Work that keeps the IT platform running has many different names -- "keeping the lights on" is one -- but one term, toil, is growing in acceptance. The way to reduce toil is to adopt site reliability engineering (SRE).

Toil covers tasks such as patching, updates, firefighting issues and replacing broken parts. For most IT workers, toil is mind-numbing work with little technical attraction -- and is unlikely to ever result in plaudits from IT management, never mind business management.

Google -- where SRE originated -- advises that a specific SRE team should be set up to minimize toil. For many organizations, this might not be attractive or possible.

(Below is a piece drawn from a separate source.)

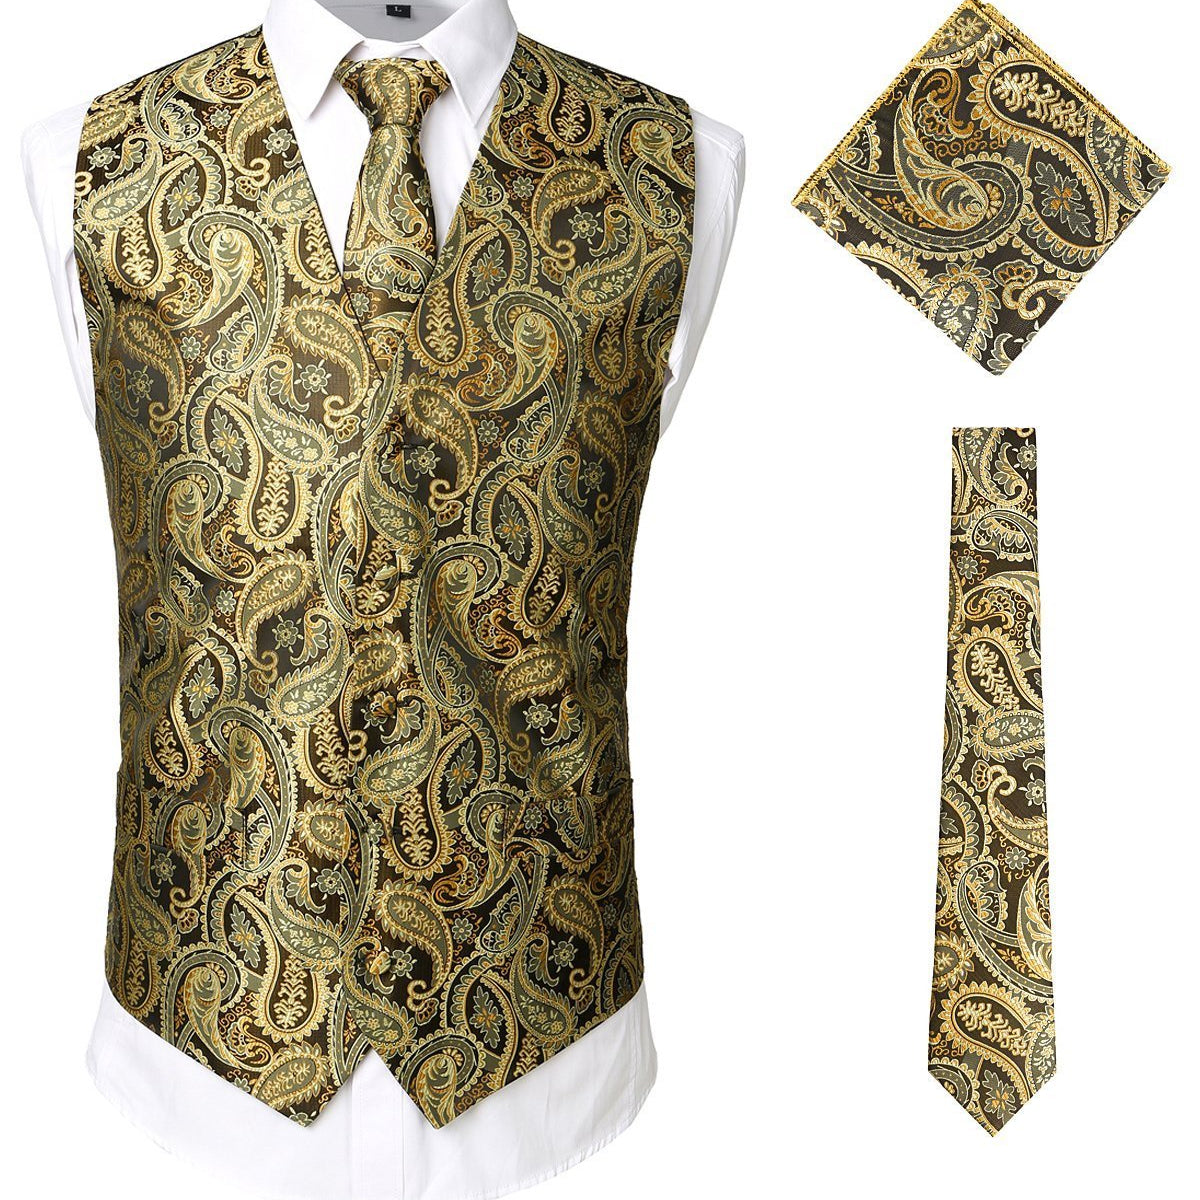 Men's Paisley Vest Necktie Square Pocket Handkerchief Set for Suit or Tuxedo

Instead, they can embed the main concepts around toil minimization through implementation of SRE approaches into development and operational teams.

The aim should not be to completely eliminate toil -- there will always be tasks that cannot be magicked away. Certain work, such as better application of systems management tools or a more efficient platform monitoring approach, add no direct value to the business -- but are not toil. They lay the foundation for improved toil management and bring discernible value to the business over time as the platform becomes more reliable through improved engineering.

Frighteningly, and as recently as a decade ago, the costs of toil could be up to 80% of an IT operations group's budget. Increasing equipment reliability, improved systems management tools and the increased use of automation have reduced the costs -- but they remain a strong approach.

Even if an IT group has reached a 50/50 split between toil and value-added IT work, a move to 40/60 is a 20% increase to the IT budget allocated to value-add -- without any change in the overall IT funding. At the 80/20 level, a 10% shift means adding a half to actual value-add spend.